DATA SECTION
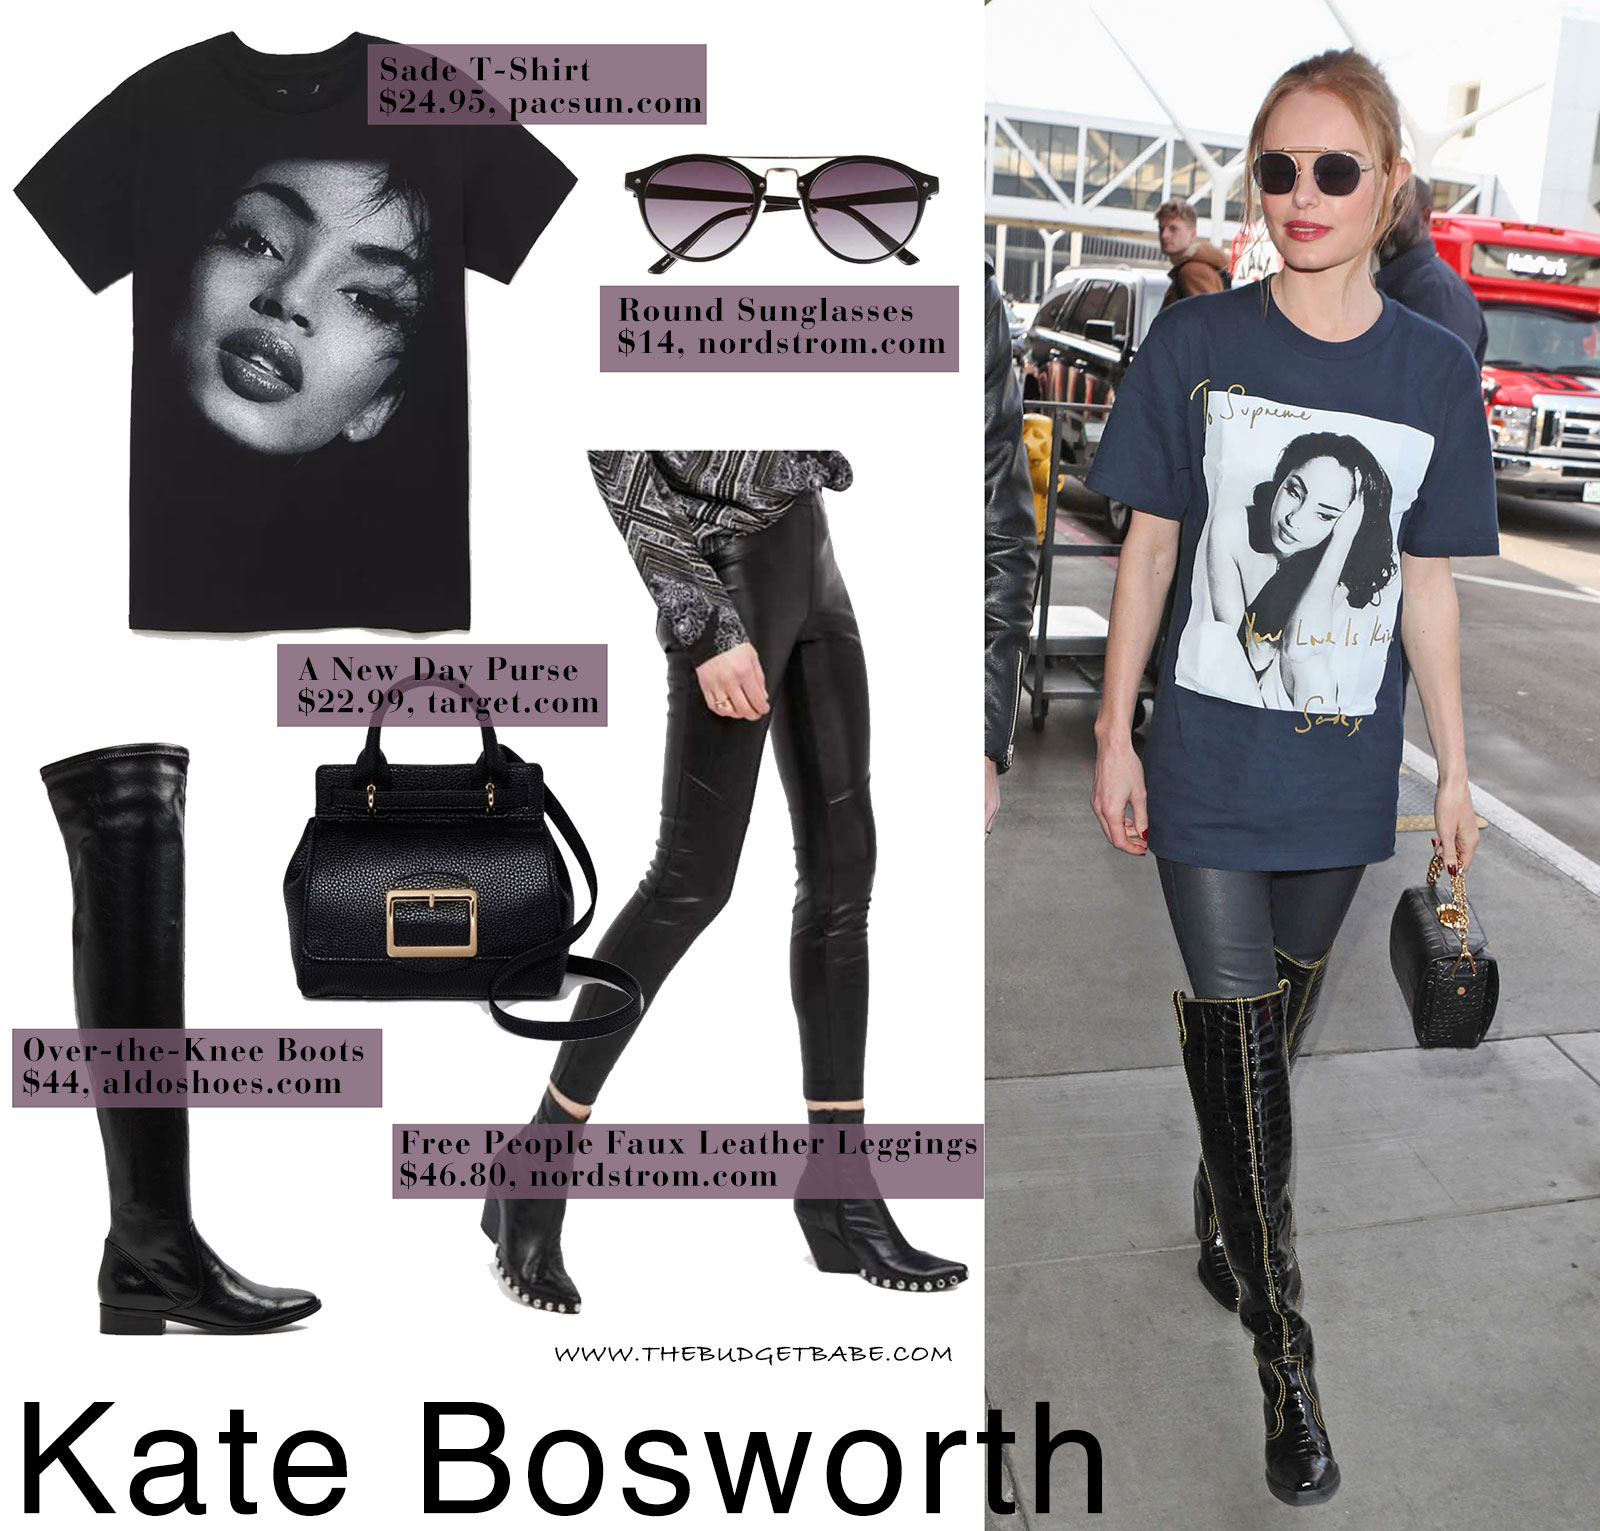 Kate Bosworth wears a Sade t-shirt by Supreme while making her way through LAX.
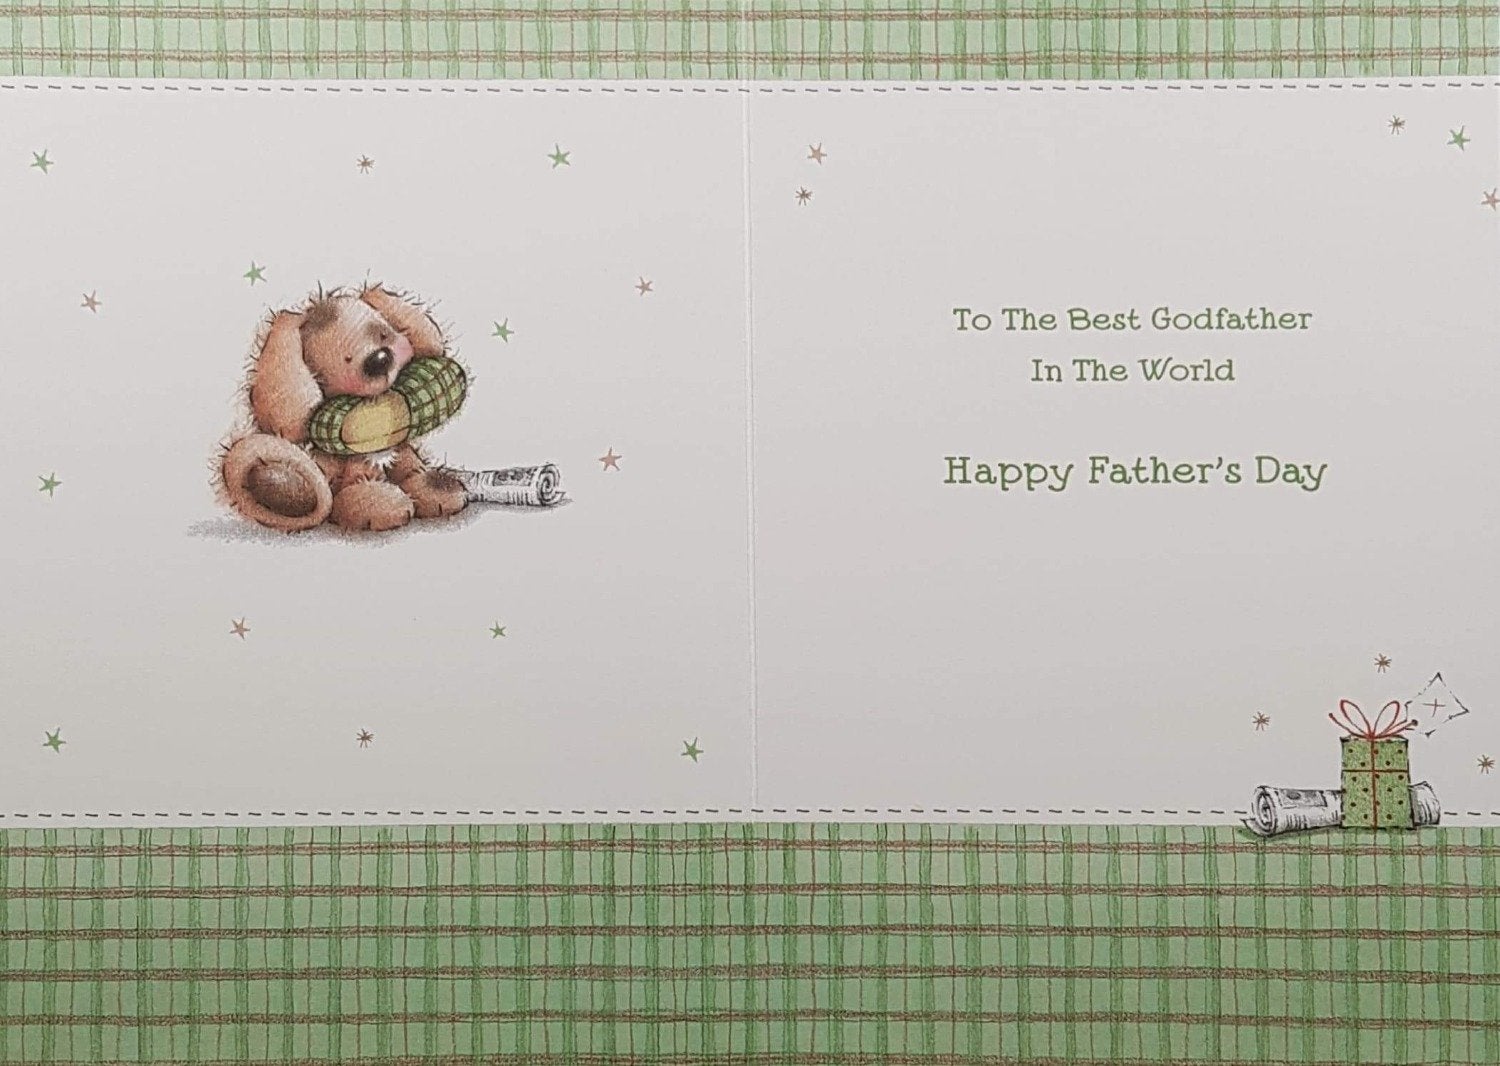 Fathers Day Card - Godfather / Love And Hugs & Puppy
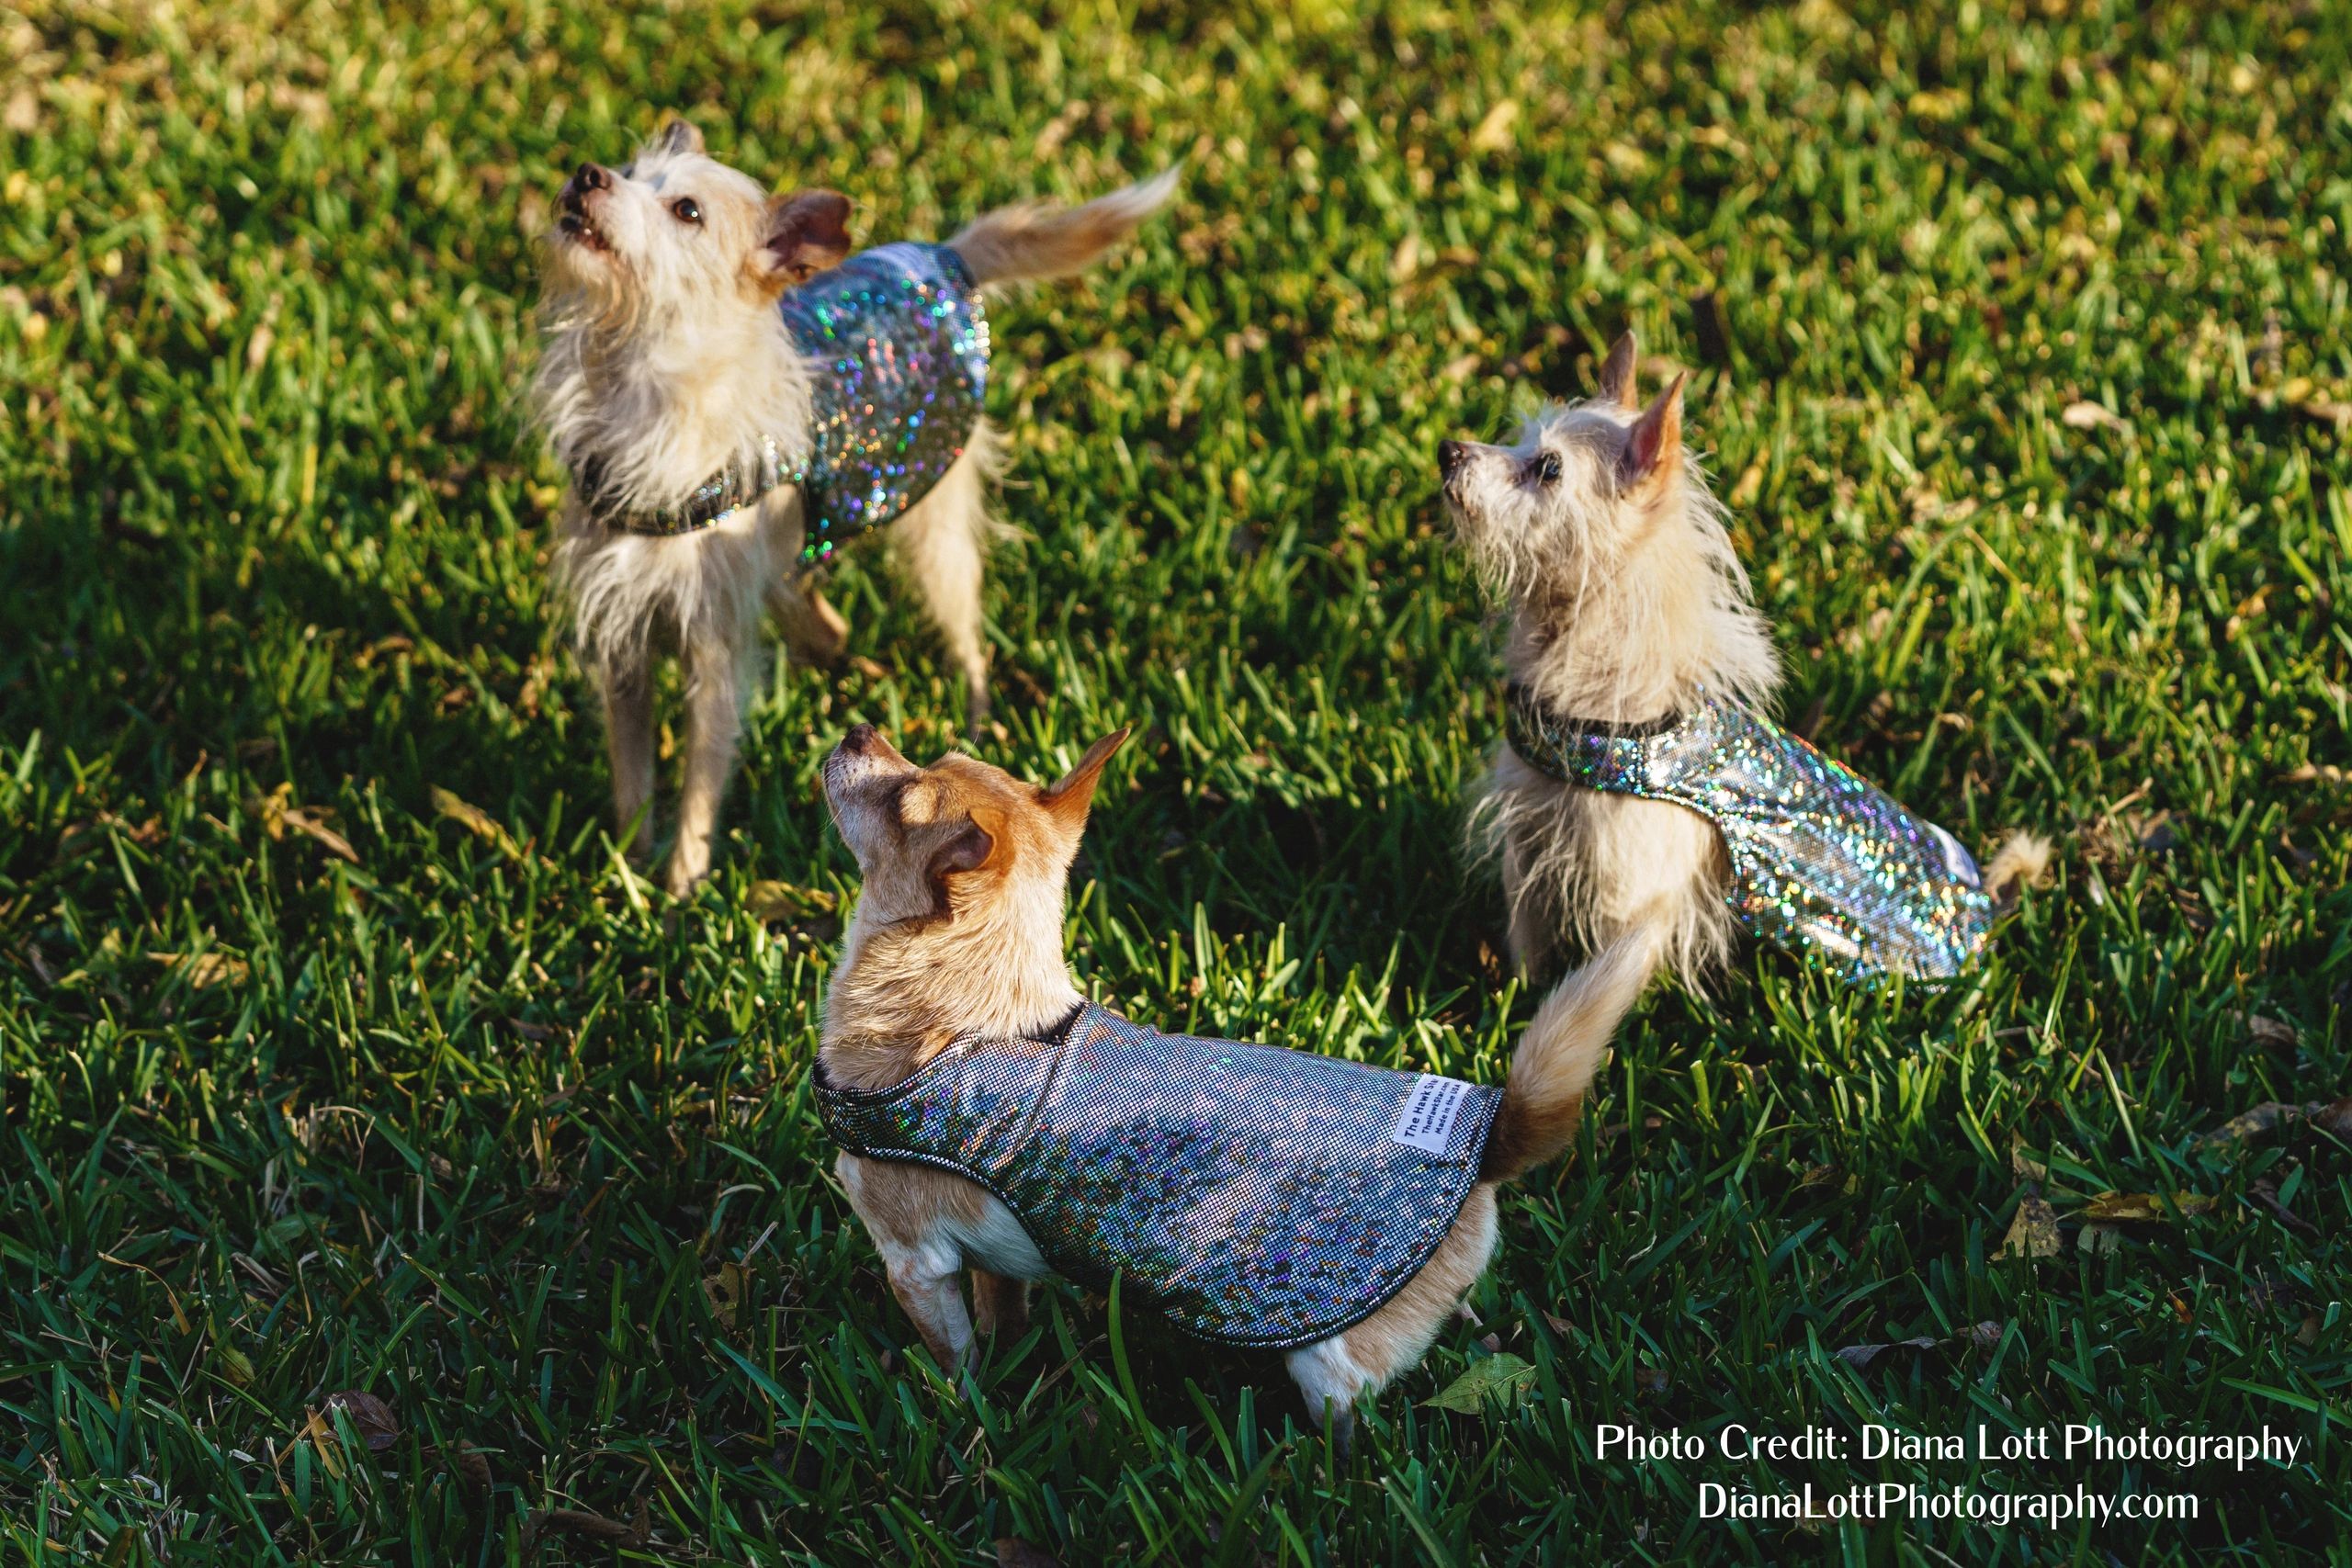 Pet Protection Vests with Spikes Help Protect Small Dogs from Predators

TASK REQUIREMENTS
Each line of the data above is to be output exactly; the pictures are not to appear.

YOUR SOLUTION
 Kate Bosworth wears a Sade t-shirt by Supreme while making her way through LAX.
 Fathers Day Card - Godfather / Love And Hugs & Puppy
 Pet Protection Vests with Spikes Help Protect Small Dogs from Predators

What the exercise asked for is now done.